══ Entries shown ══

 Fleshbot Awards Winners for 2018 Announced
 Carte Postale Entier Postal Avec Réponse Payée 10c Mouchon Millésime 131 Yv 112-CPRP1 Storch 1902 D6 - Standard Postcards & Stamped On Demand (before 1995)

═══
══ Entries shown ══

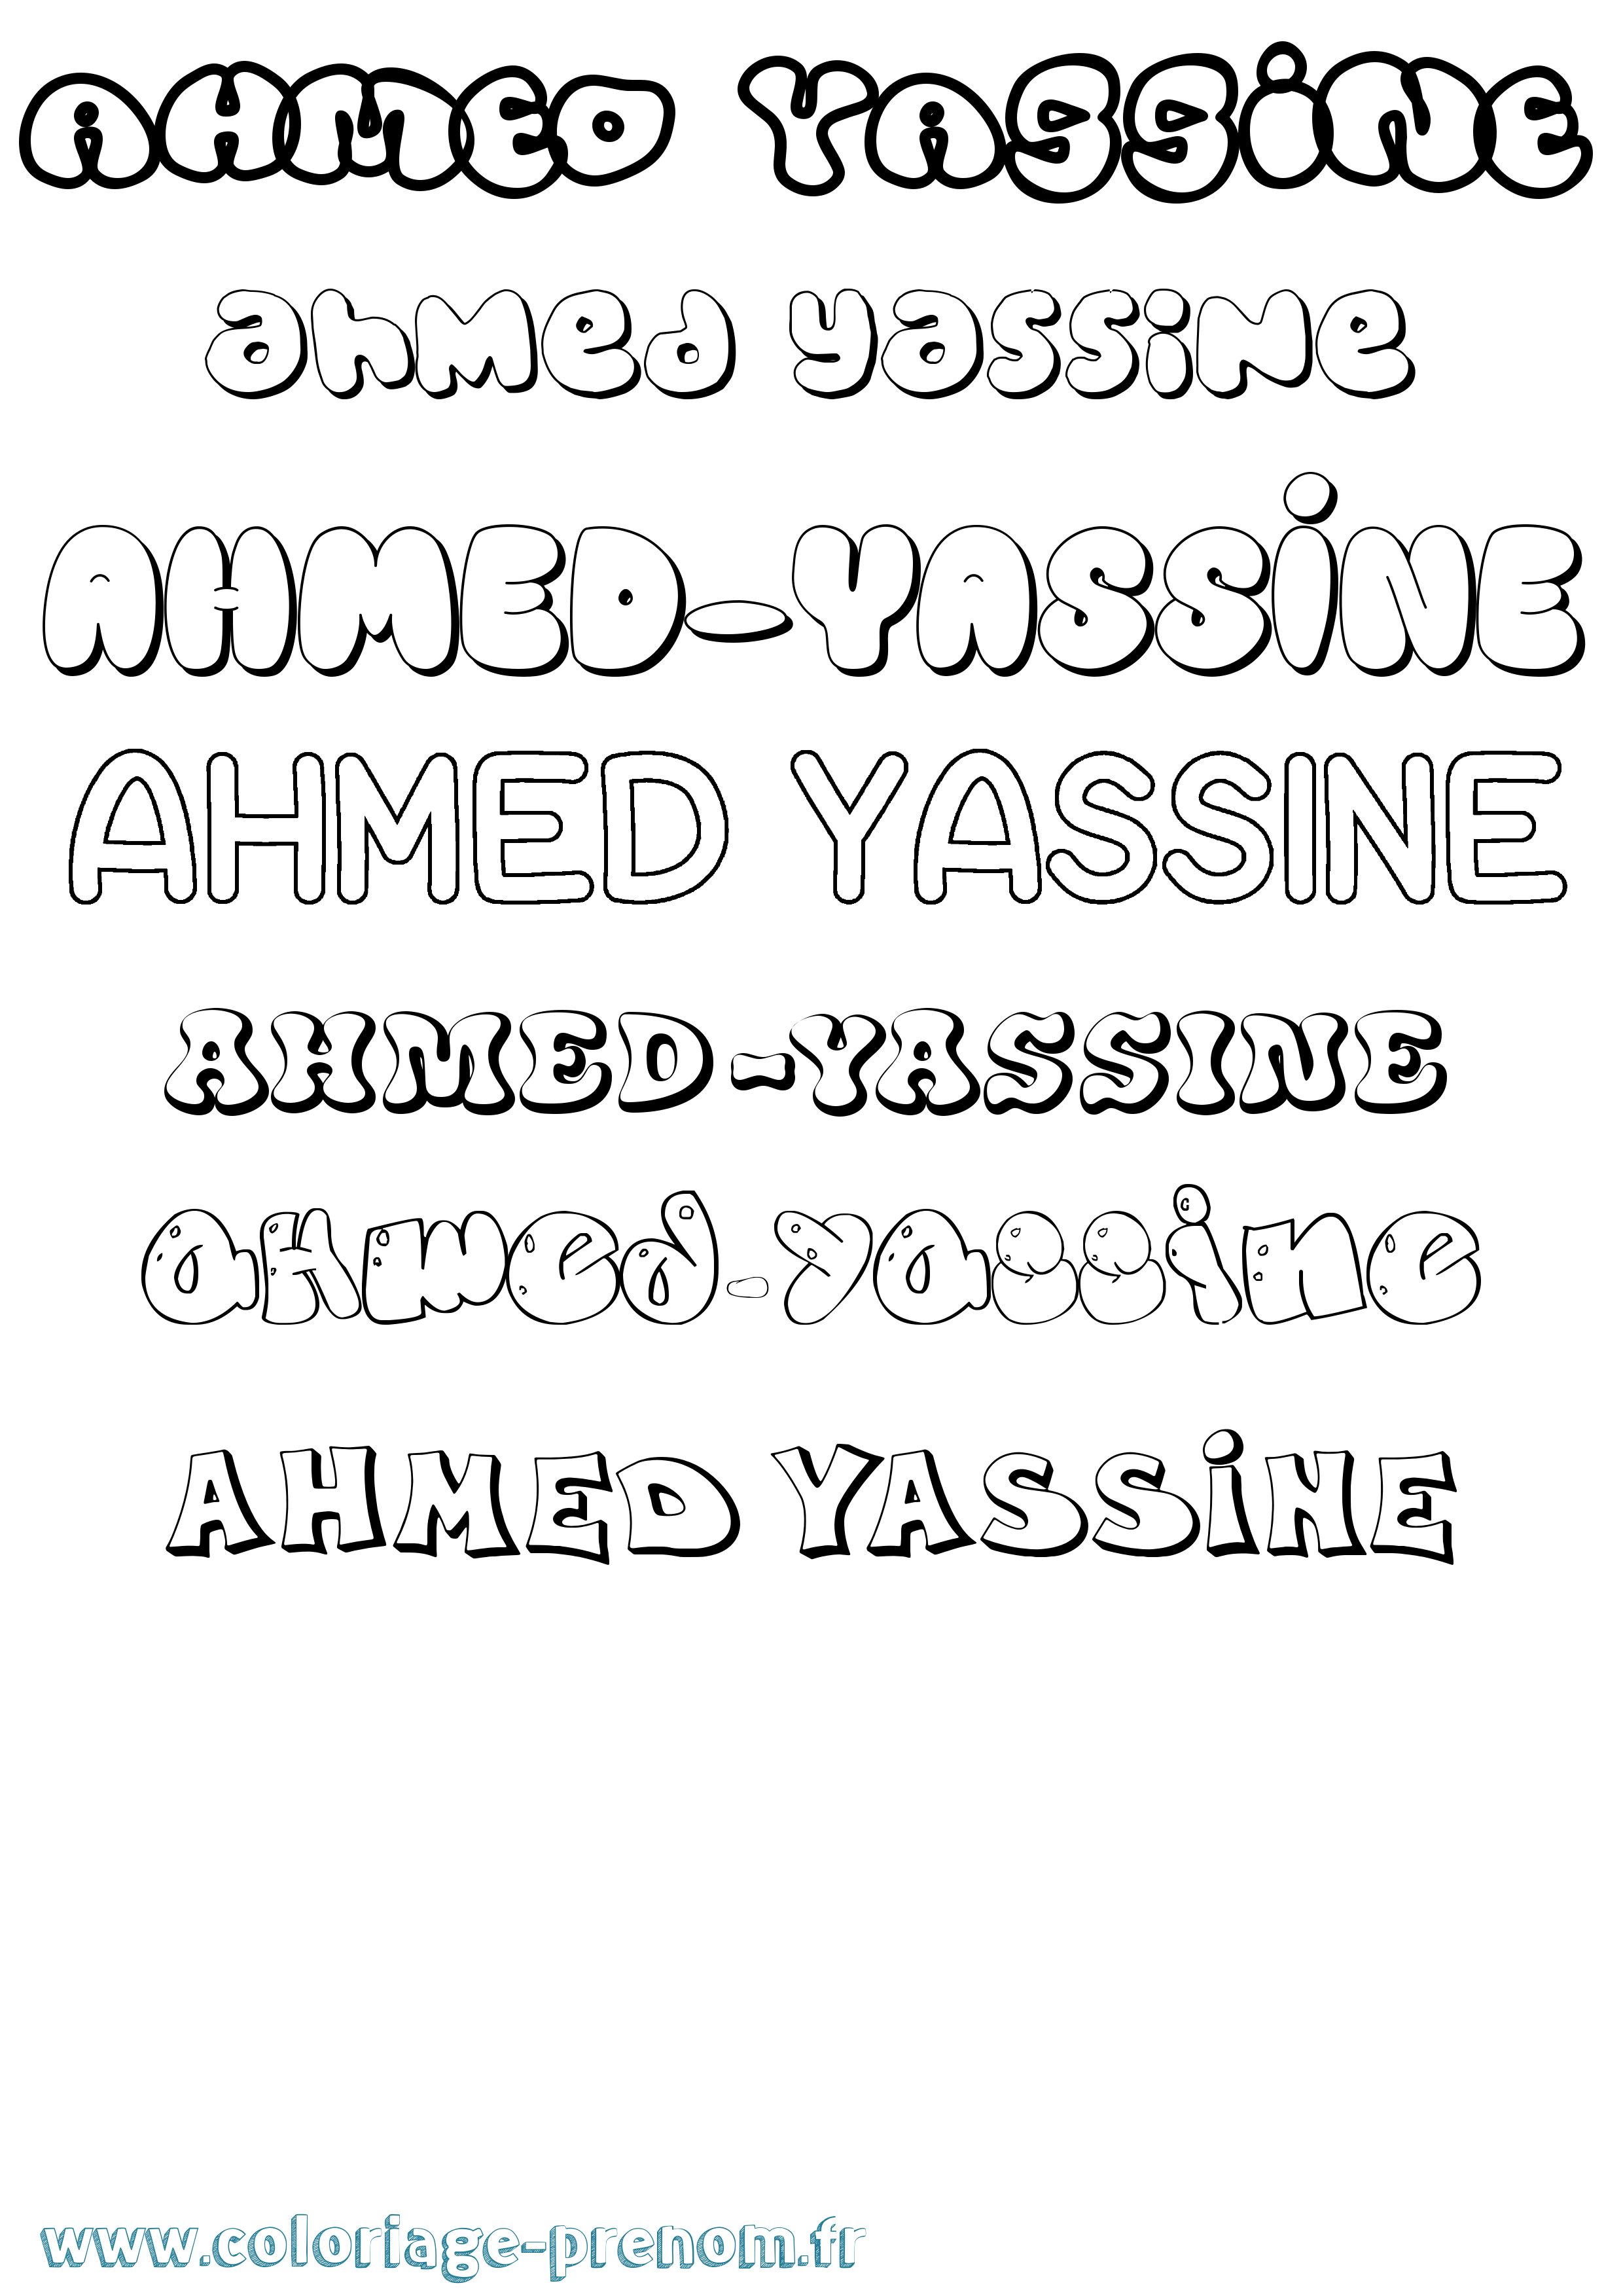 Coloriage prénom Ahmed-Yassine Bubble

═══

In the data above, find the line that contains "Fleshbot Awards Winners for 2018 Announced" and the line that contains "Carte Postale Entier". Repeat exactly those lines and every line between them, and only those.

 Fleshbot Awards Winners for 2018 Announced
 Carte Postale Entier Postal Avec Réponse Payée 10c Mouchon Millésime 131 Yv 112-CPRP1 Storch 1902 D6 - Standard Postcards & Stamped On Demand (before 1995)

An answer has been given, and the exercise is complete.